This tutorial sets up the appliance on a server running in Hyper-V environment, as follows:

  1. Provide an appliance name and generate a project key in the portal.
  2. Download a compressed Hyper-V VHD from the Azure portal.
  3. Create the appliance, and check that it can connect to Azure Migrate: Discovery and assessment.
  4. Configure the appliance for the first time, and register it with the project using the project key.

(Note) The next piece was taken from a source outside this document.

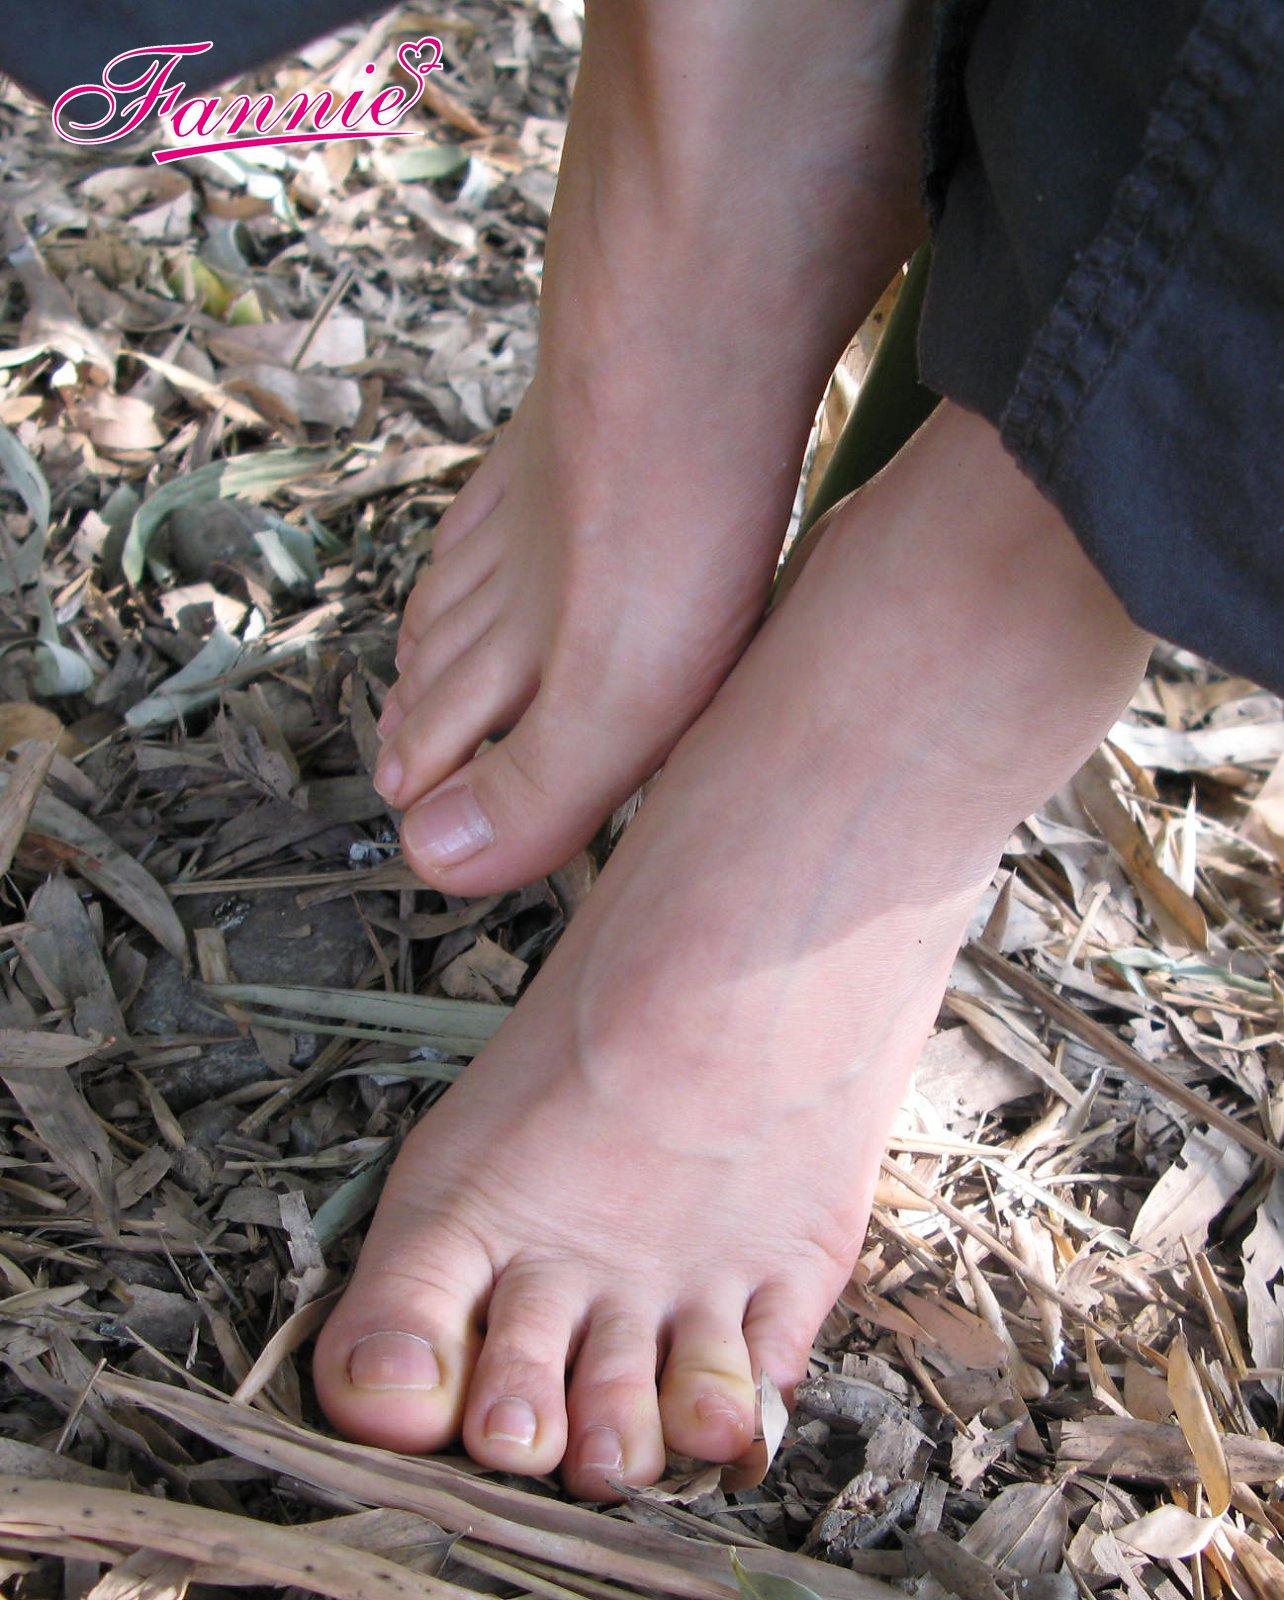 == 竹林深处有闲心 == - 喜欢光脚丫的夏天 - 喜欢光脚丫的夏天
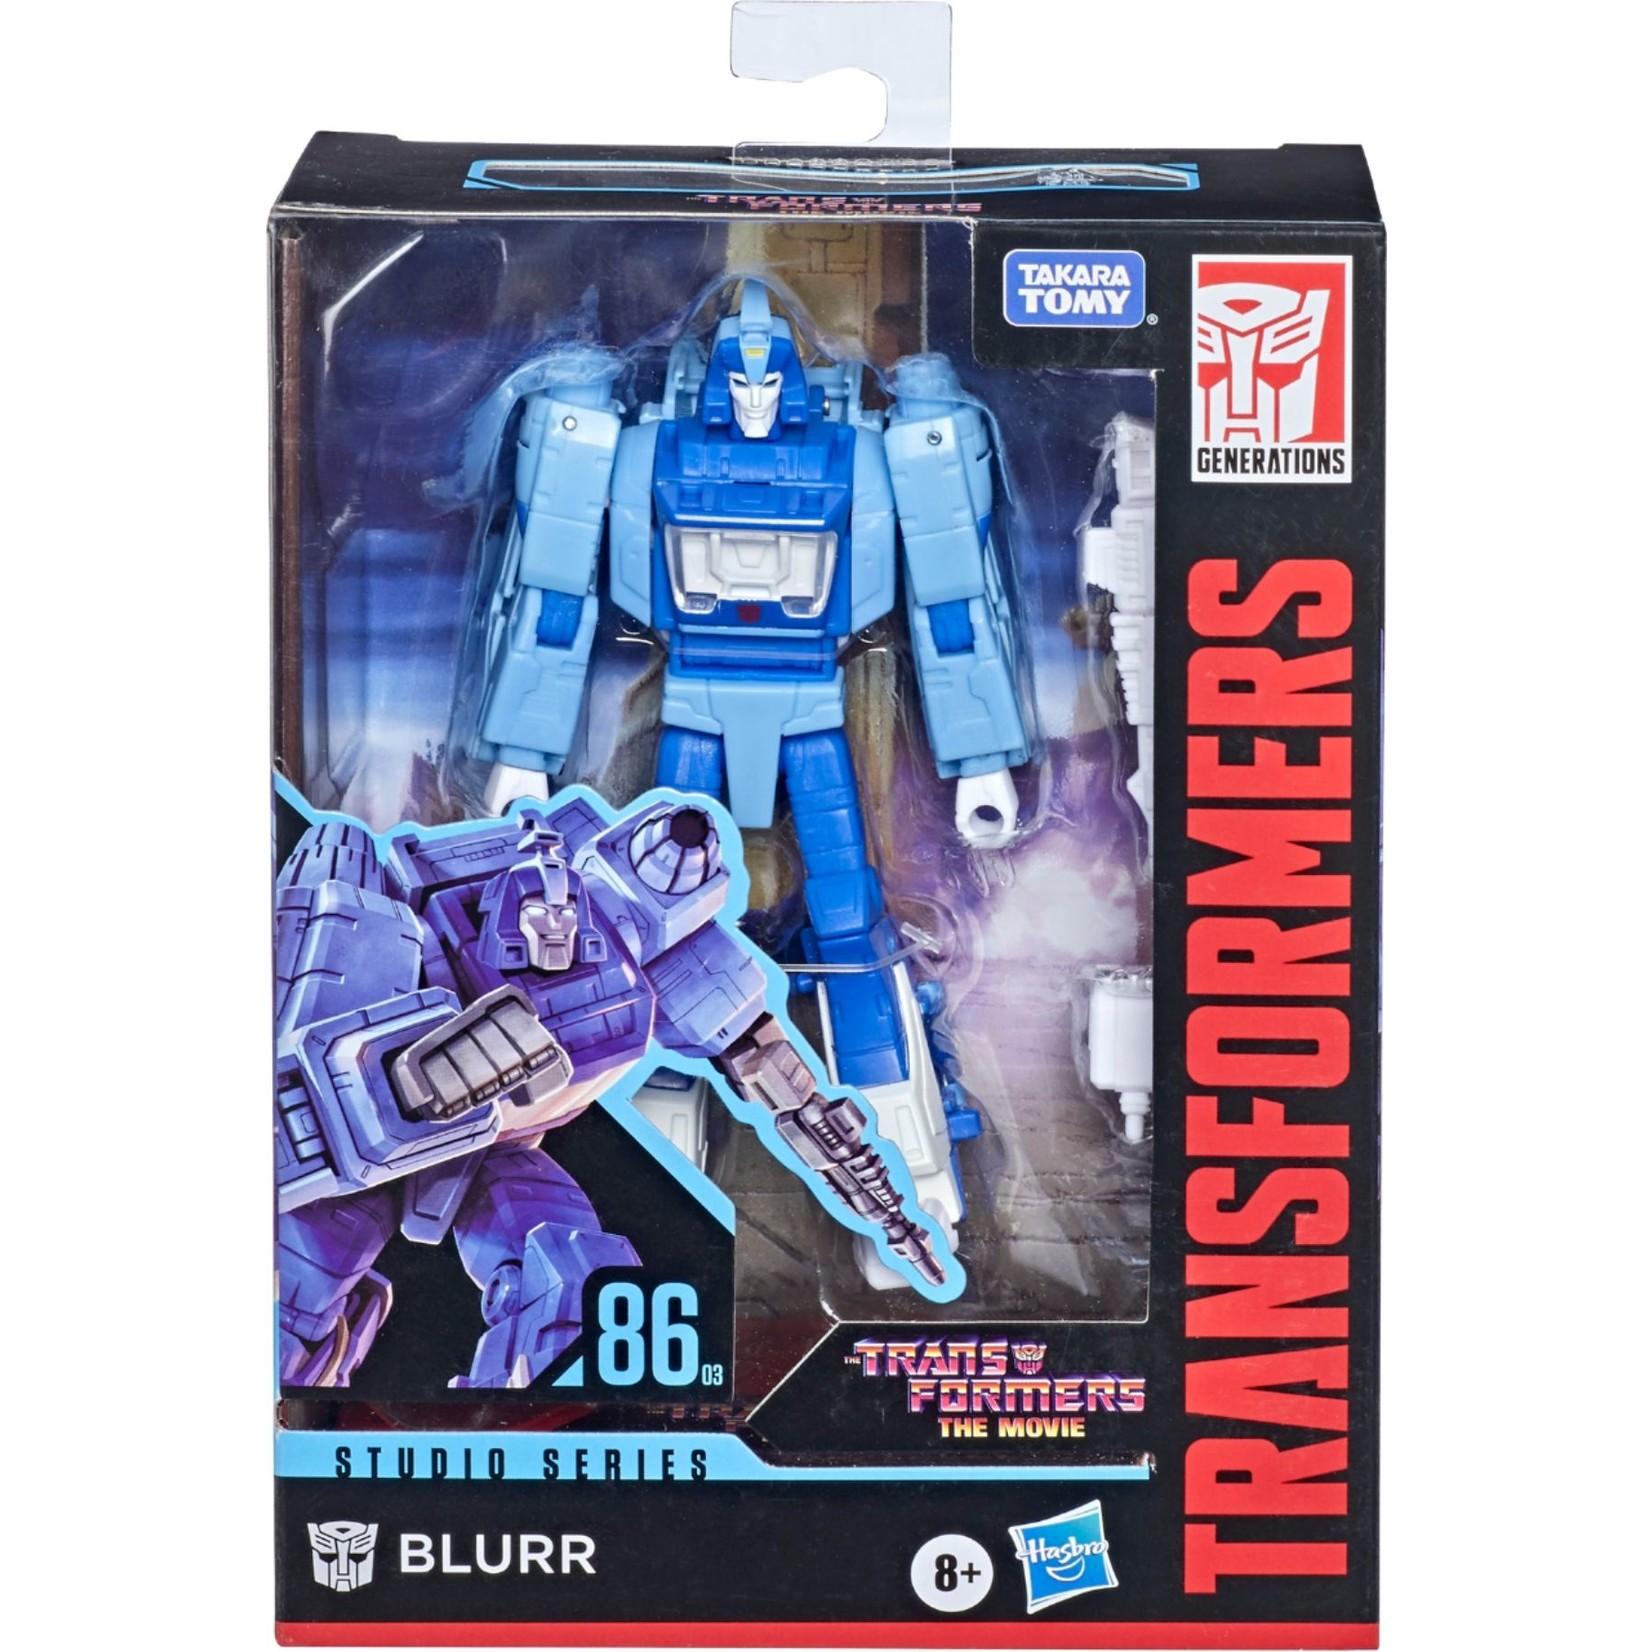 Hasbro Transformers Studio Series 86-03 Deluxe Blurr

1. Generate the project key

  1. In Migration Goals > Servers > Azure Migrate: Discovery and assessment, select Discover.
  2. In Discover Servers > Are your servers virtualized?, select Yes, with Hyper-V.
  3. In 1:Generate project key, provide a name for the Azure Migrate appliance that you will set up for discovery of servers. The name should be alphanumeric with 14 characters or fewer.
  4. Click on Generate key to start the creation of the required Azure resources. Please do not close the Discover server page during the creation of resources.
  5. After the successful creation of the Azure resources, a project key is generated.
  6. Copy the key as you will need it to complete the registration of the appliance during its configuration.

2. Download the VHD

In 2: Download Azure Migrate appliance, select the .VHD file and click on Download.

Verify security

Check that the zipped file is secure, before you deploy it.

  1. On the machine to which you downloaded the file, open an administrator command window.

  2. Run the following PowerShell command to generate the hash for the ZIP file

    • C:\>Get-FileHash -Path <file_location> -Algorithm [Hashing Algorithm]
    • Example usage: C:\>Get-FileHash -Path ./AzureMigrateAppliance_v3.20.09.25.zip -Algorithm SHA256
  3. Verify the latest appliance versions and hash values:

    • For the Azure public cloud:

      Scenario Download SHA256
      Hyper-V (8.91 GB) Latest version 79c151588de049cc102f61b910d6136e02324dc8d8a14f47772da351b46d9127
    • For Azure Government:

      Scenario* Download SHA256
      Hyper-V (85.8 MB) Latest version cfed44bb52c9ab3024a628dc7a5d0df8c624f156ec1ecc3507116bae330b257f

3. Create an appliance

Import the downloaded file, and create an appliance.

  1. Extract the zipped VHD file to a folder on the Hyper-V host that will host the appliance. Three folders are extracted.
  2. Open Hyper-V Manager. In Actions, click Import Virtual Machine.
  3. In the Import Virtual Machine Wizard > Before you begin, click Next.
  4. In Locate Folder, specify the folder containing the extracted VHD. Then click Next.
  5. In Select Virtual Machine, click Next.
  6. In Choose Import Type, click Copy the virtual machine (create a new unique ID). Then click Next.
  7. In Choose Destination, leave the default setting. Click Next.
  8. In Storage Folders, leave the default setting. Click Next.
  9. In Choose Network, specify the virtual switch that the appliance will use. The switch needs internet connectivity to send data to Azure.
  10. In Summary, review the settings. Then click Finish.
  11. In Hyper-V Manager > Virtual Machines, start the appliance.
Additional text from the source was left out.